→ ABOUT THIS EXERCISE:
Copy without pictures. Please restate each line of the listing exactly.

Start of SUPPLIED MATERIAL

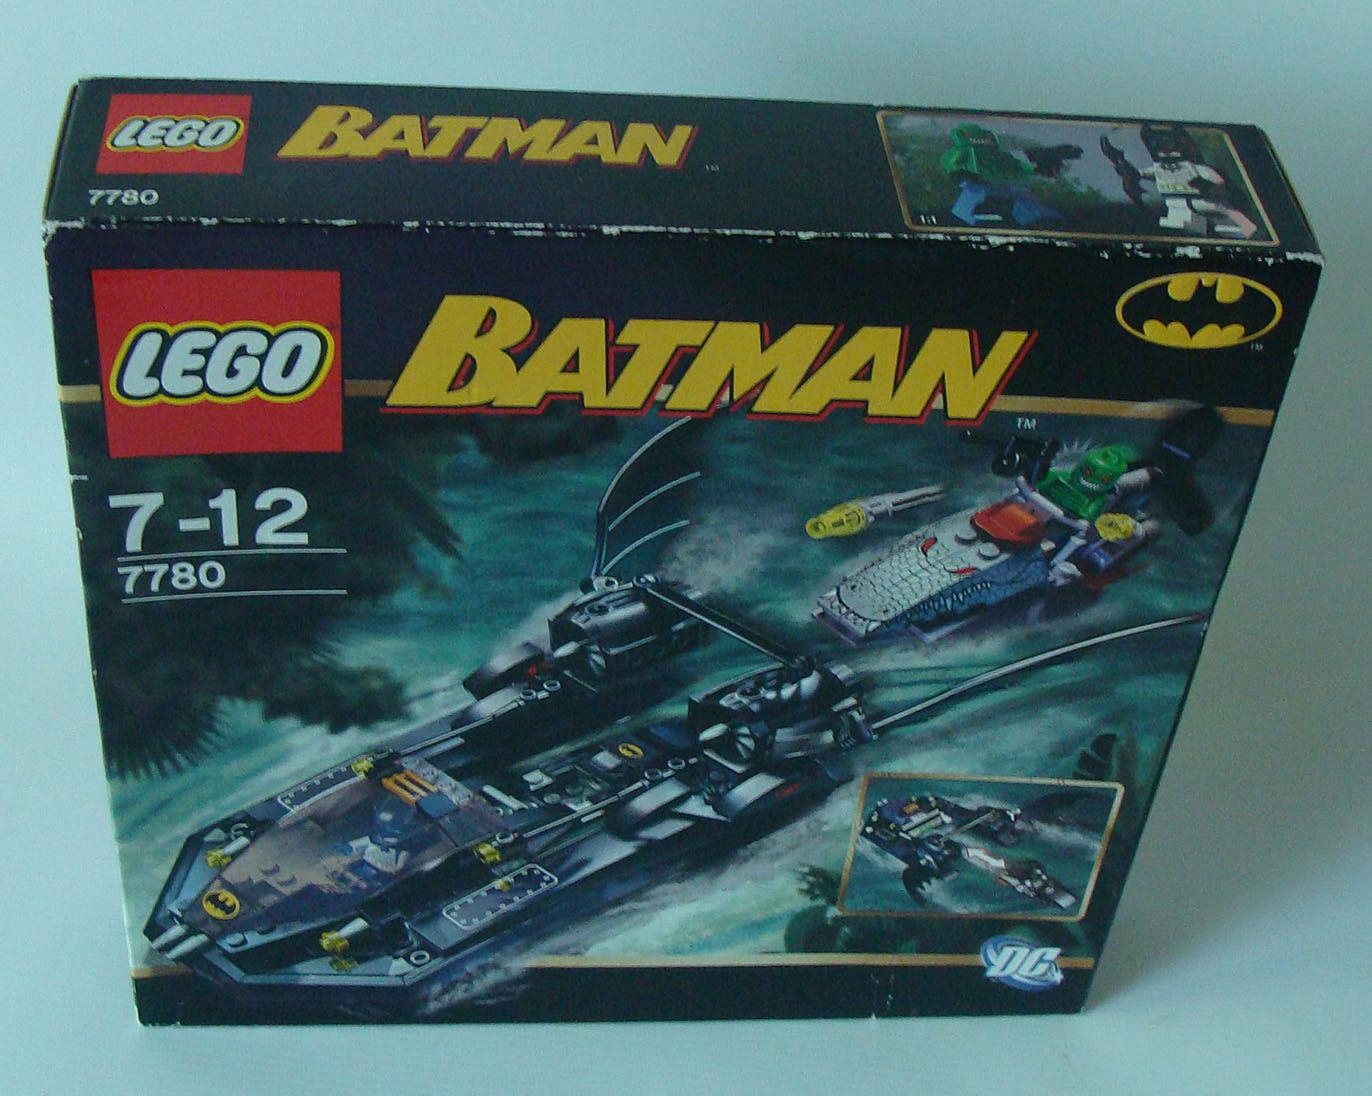 Lego® 7780 Batman Batboat - Jagd nach Killer Croco 7-12 Jahren 188 Teile - Neu  | Stabile Qualität
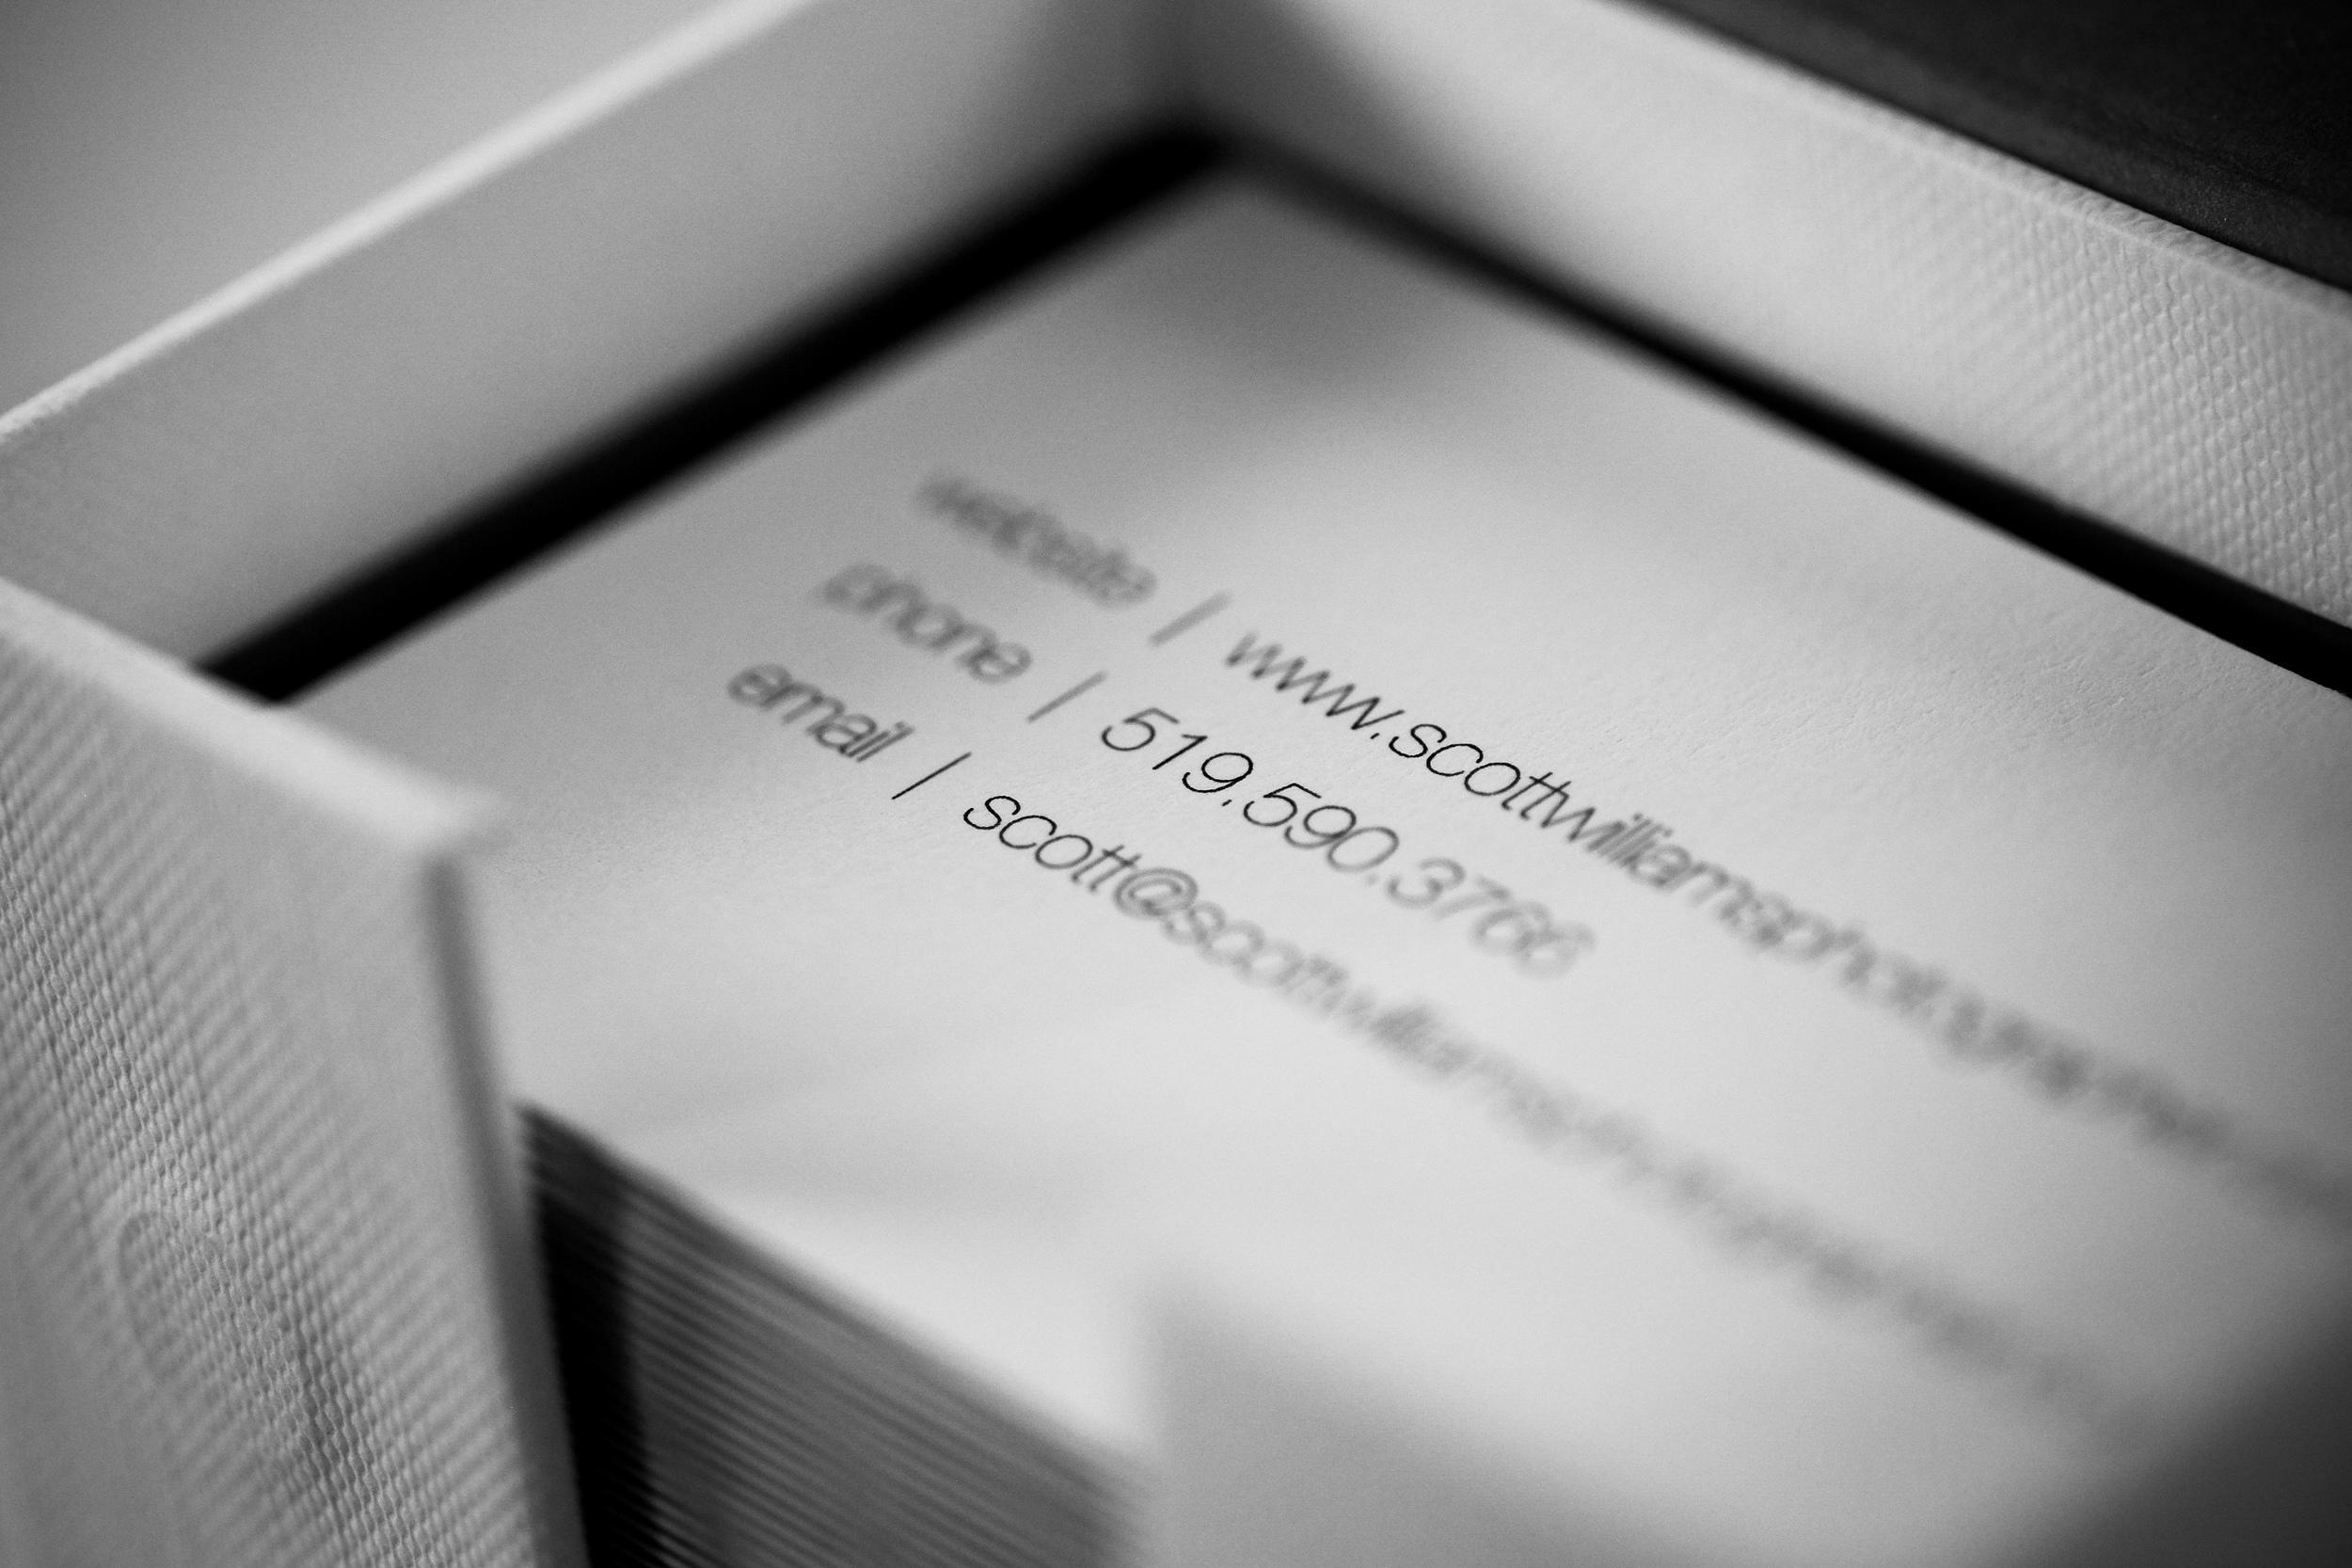 scott-williams-photographer-business-cards-006.jpg
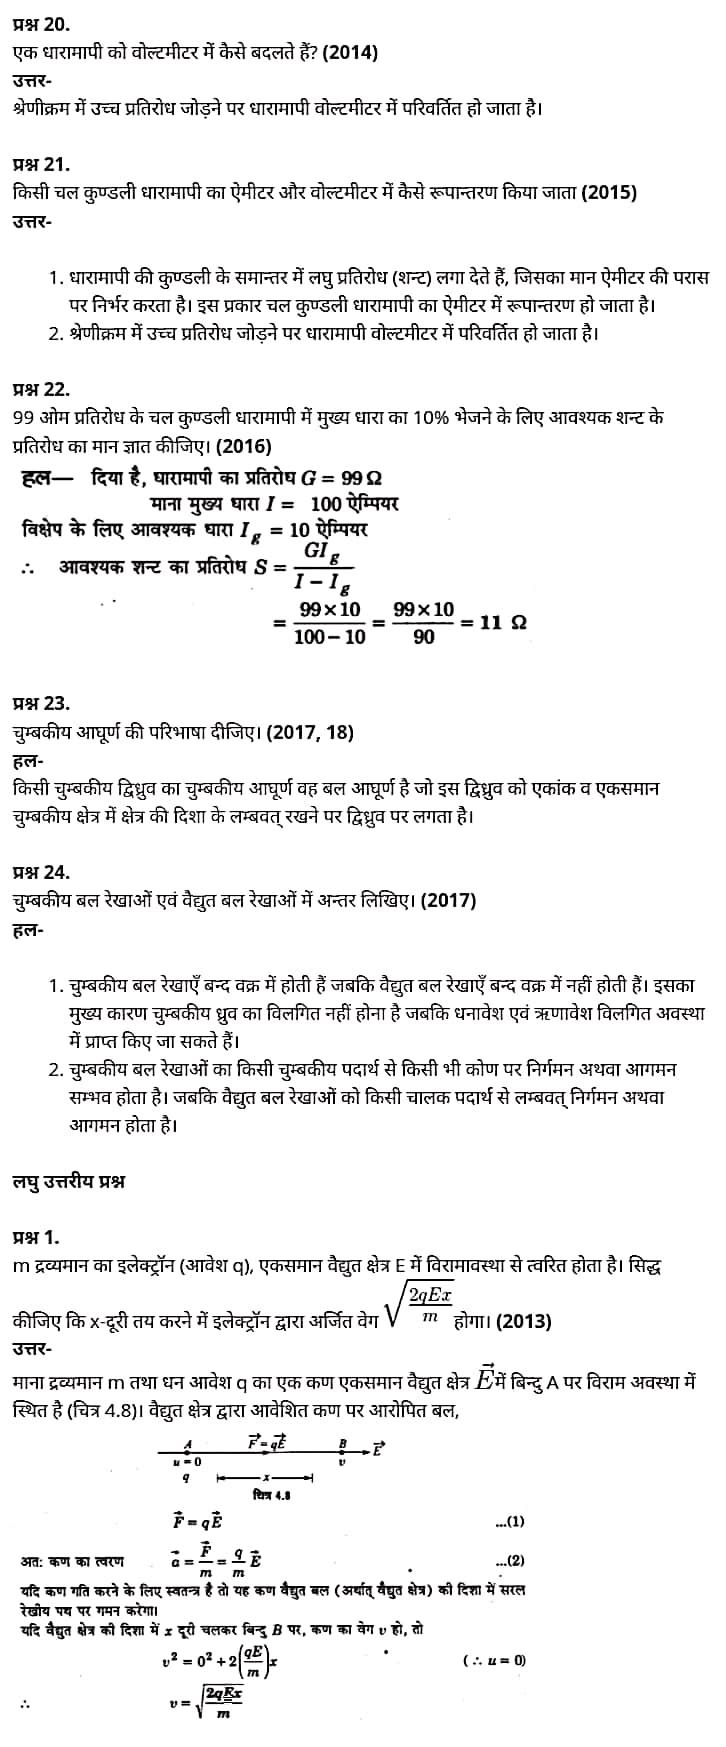 """Class 12 Physics Chapter 4"", ""Moving Charges and Magnetism"", ""(गतिमान आवेश और चुम्बकत्व)"", Hindi Medium भौतिक विज्ञान कक्षा 12 नोट्स pdf,  भौतिक विज्ञान कक्षा 12 नोट्स 2021 NCERT,  भौतिक विज्ञान कक्षा 12 PDF,  भौतिक विज्ञान पुस्तक,  भौतिक विज्ञान की बुक,  भौतिक विज्ञान प्रश्नोत्तरी Class 12, 12 वीं भौतिक विज्ञान पुस्तक RBSE,  बिहार बोर्ड 12 वीं भौतिक विज्ञान नोट्स,   12th Physics book in hindi,12th Physics notes in hindi,cbse books for class 12,cbse books in hindi,cbse ncert books,class 12 Physics notes in hindi,class 12 hindi ncert solutions,Physics 2020,Physics 2021,Maths 2022,Physics book class 12,Physics book in hindi,Physics class 12 in hindi,Physics notes for class 12 up board in hindi,ncert all books,ncert app in hindi,ncert book solution,ncert books class 10,ncert books class 12,ncert books for class 7,ncert books for upsc in hindi,ncert books in hindi class 10,ncert books in hindi for class 12 Physics,ncert books in hindi for class 6,ncert books in hindi pdf,ncert class 12 hindi book,ncert english book,ncert Physics book in hindi,ncert Physics books in hindi pdf,ncert Physics class 12,ncert in hindi,old ncert books in hindi,online ncert books in hindi,up board 12th,up board 12th syllabus,up board class 10 hindi book,up board class 12 books,up board class 12 new syllabus,up Board Maths 2020,up Board Maths 2021,up Board Maths 2022,up Board Maths 2023,up board intermediate Physics syllabus,up board intermediate syllabus 2021,Up board Master 2021,up board model paper 2021,up board model paper all subject,up board new syllabus of class 12th Physics,up board paper 2021,Up board syllabus 2021,UP board syllabus 2022,  12 वीं भौतिक विज्ञान पुस्तक हिंदी में, 12 वीं भौतिक विज्ञान नोट्स हिंदी में, कक्षा 12 के लिए सीबीएससी पुस्तकें, हिंदी में सीबीएससी पुस्तकें, सीबीएससी  पुस्तकें, कक्षा 12 भौतिक विज्ञान नोट्स हिंदी में, कक्षा 12 हिंदी एनसीईआरटी समाधान, भौतिक विज्ञान 2020, भौतिक विज्ञान 2021, भौतिक विज्ञान 2022, भौतिक विज्ञान  बुक क्लास 12, भौतिक विज्ञान बुक इन हिंदी, ब"

End of SUPPLIED MATERIAL

→ RESPONSE AREA:
 Lego® 7780 Batman Batboat - Jagd nach Killer Croco 7-12 Jahren 188 Teile - Neu  | Stabile Qualität
 scott-williams-photographer-business-cards-006.jpg
 """Class 12 Physics Chapter 4"", ""Moving Charges and Magnetism"", ""(गतिमान आवेश और चुम्बकत्व)"", Hindi Medium भौतिक विज्ञान कक्षा 12 नोट्स pdf,  भौतिक विज्ञान कक्षा 12 नोट्स 2021 NCERT,  भौतिक विज्ञान कक्षा 12 PDF,  भौतिक विज्ञान पुस्तक,  भौतिक विज्ञान की बुक,  भौतिक विज्ञान प्रश्नोत्तरी Class 12, 12 वीं भौतिक विज्ञान पुस्तक RBSE,  बिहार बोर्ड 12 वीं भौतिक विज्ञान नोट्स,   12th Physics book in hindi,12th Physics notes in hindi,cbse books for class 12,cbse books in hindi,cbse ncert books,class 12 Physics notes in hindi,class 12 hindi ncert solutions,Physics 2020,Physics 2021,Maths 2022,Physics book class 12,Physics book in hindi,Physics class 12 in hindi,Physics notes for class 12 up board in hindi,ncert all books,ncert app in hindi,ncert book solution,ncert books class 10,ncert books class 12,ncert books for class 7,ncert books for upsc in hindi,ncert books in hindi class 10,ncert books in hindi for class 12 Physics,ncert books in hindi for class 6,ncert books in hindi pdf,ncert class 12 hindi book,ncert english book,ncert Physics book in hindi,ncert Physics books in hindi pdf,ncert Physics class 12,ncert in hindi,old ncert books in hindi,online ncert books in hindi,up board 12th,up board 12th syllabus,up board class 10 hindi book,up board class 12 books,up board class 12 new syllabus,up Board Maths 2020,up Board Maths 2021,up Board Maths 2022,up Board Maths 2023,up board intermediate Physics syllabus,up board intermediate syllabus 2021,Up board Master 2021,up board model paper 2021,up board model paper all subject,up board new syllabus of class 12th Physics,up board paper 2021,Up board syllabus 2021,UP board syllabus 2022,  12 वीं भौतिक विज्ञान पुस्तक हिंदी में, 12 वीं भौतिक विज्ञान नोट्स हिंदी में, कक्षा 12 के लिए सीबीएससी पुस्तकें, हिंदी में सीबीएससी पुस्तकें, सीबीएससी  पुस्तकें, कक्षा 12 भौतिक विज्ञान नोट्स हिंदी में, कक्षा 12 हिंदी एनसीईआरटी समाधान, भौतिक विज्ञान 2020, भौतिक विज्ञान 2021, भौतिक विज्ञान 2022, भौतिक विज्ञान  बुक क्लास 12, भौतिक विज्ञान बुक इन हिंदी, ब"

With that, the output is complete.